I understand that McFarlane agreed that the three-page letter should be sent to all family judges.





thanks for this JR - we always get overlooked by the mainstream media when there is a debate about the creaking justice system so v grateful for you highlighting this - Family Justice has been subjected to as much defunding as everything else. Counsels fees have NEVER - AND I MEAN NEVER - increased over the whole of my career. Family Graduated Fee rates were fixed in 2008 (at less than before) and Ken Clarke slashed them by 10% on day 1 of his unremarkable tenure as LC in 2010 - double the Treasury recommendation simply to impress Cameron - thanks Ken. We are now at 52% of the value in 2008. Many of us represent local authorities seeking to rescue children from the worst form of abuse imaginable and on the other hand represent children and their parents in highly complex litigation which spans the whole of human behaviour. Every case of size comes with 000 of pages of digital material which we are paid ZERO - for examining. What would happen if we all went on strike ? - because I tell you now even the most dedicated and least business like practitioners (and that is a lot of them) are getting to that point. Every LC since Mackay has targeted us for cuts. Bring back Lord Hailsham !
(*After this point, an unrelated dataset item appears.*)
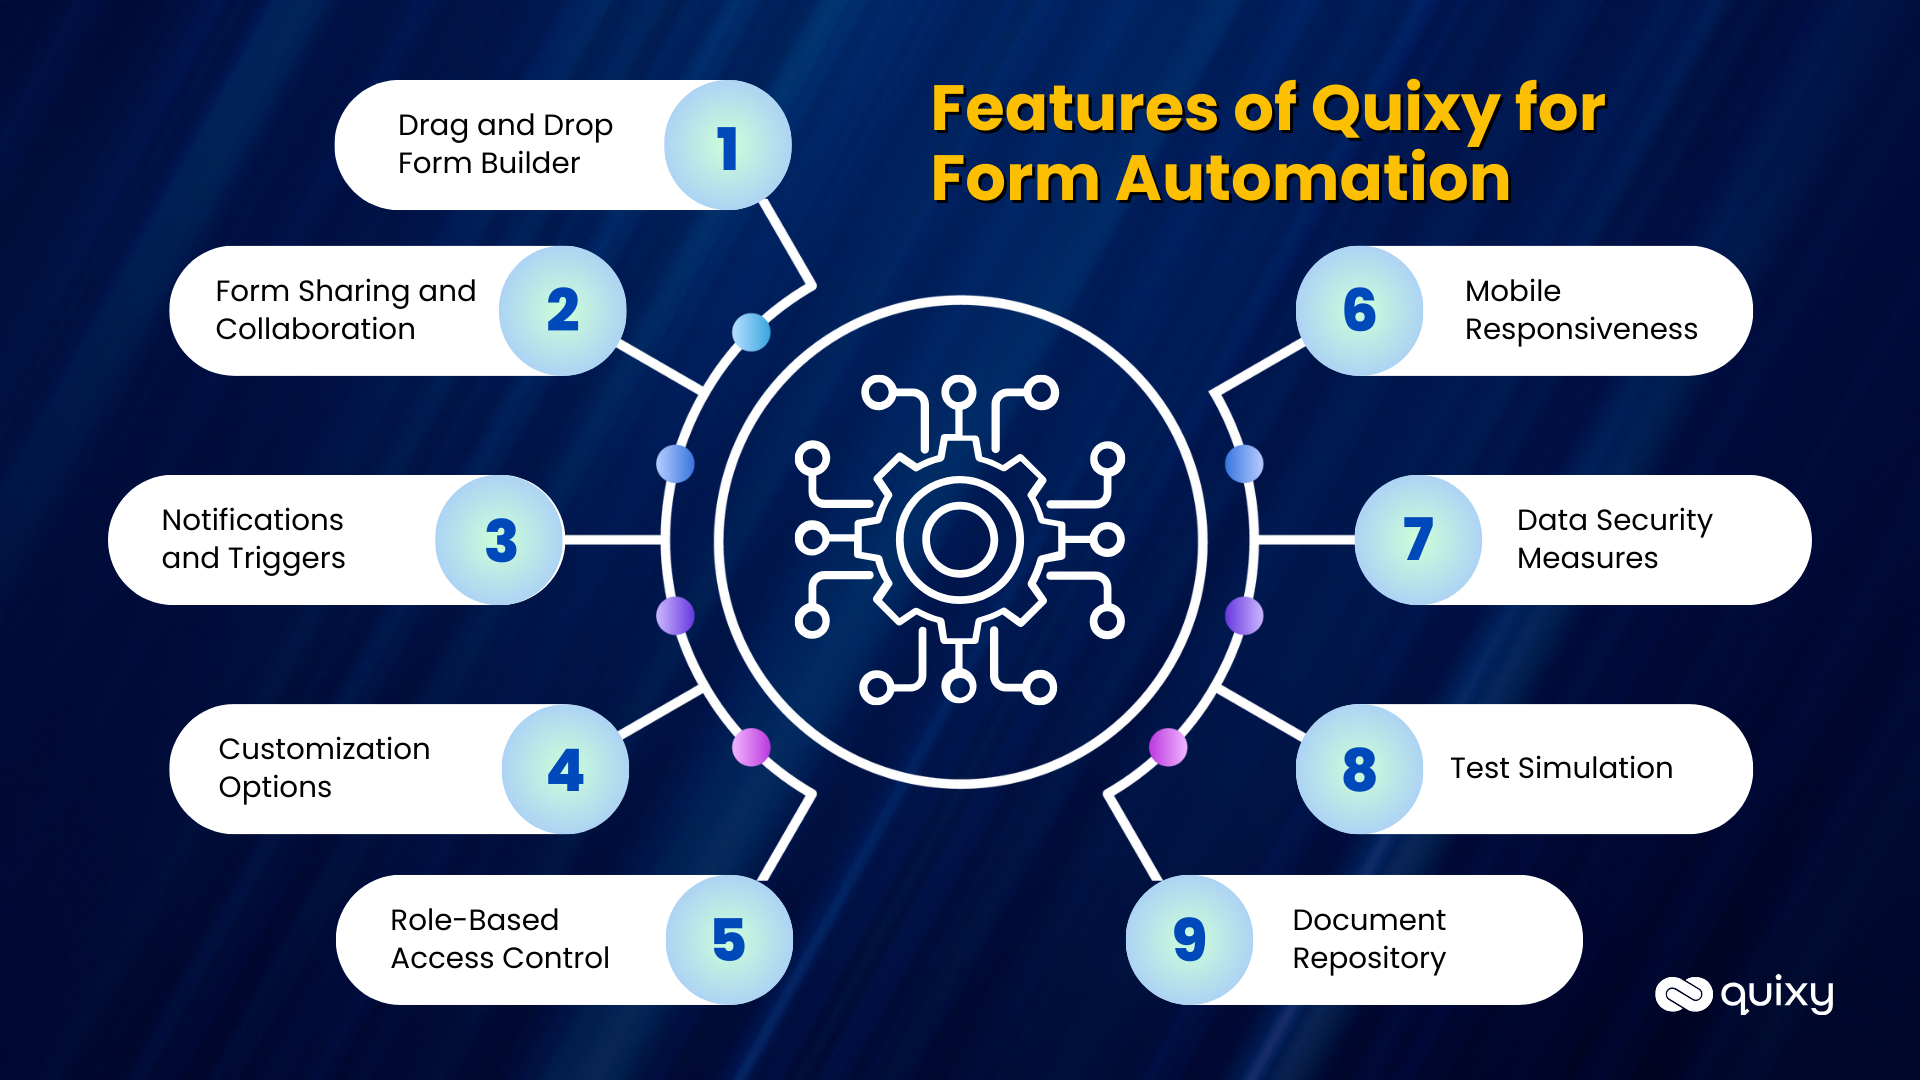 Features of Quixy for Form Automation

Although my personal situation is a housing possession claim I really do feel that the timing of your posting is of the greatest legal advantage I have had to place what I feel to be unjustifiable to the input of all legal staff who only wish to uphold the true process of justice - no matter what the case and may only empathise with your daily struggle torn between the rights and wrongs of a difficult subject for legal due process. It has taken me some 30 years of bad housing as a single parent trying to remain housed through a series of what can now be proven to be a collective set of circumstances paid through Housing Benefit awards Council Tax Reductions - changes to the now singular Universal Credit scheme from it's very beginning todate through to what now looks like a government awareness and potential direct or indirect involvement in subsidising/funding/facilitating and financing a land grab situation on behalf of landlords in the private rental buy to let housing market since the brokers mortgage lenders and insurance and data agencies broke the banks in 2008 - I have an Assured Short hold Tenancy on such an investment/Accomodation and cannot find a non-complicit legal representative at local level being Southend on Sea (City) Borough Council to Defend my Current Eviction Case and am to attend further hearing as Defendant in Person in the upcoming month and am basing my claim on Fraud with menace - criminality with Tax Payer Service Utilities being Police Ambulance and Fire Service Agencies and a very worrisome National Health Visitation post surgery by District Nurse attending! I am now a retired citizen at the behest of all of the above and will be placing this posting before District Judge attending my upcoming hearing also citing Conflicts of interest by the Claimants and their respective Solicitors! Utmost thanks for your courage giving post - kind regards!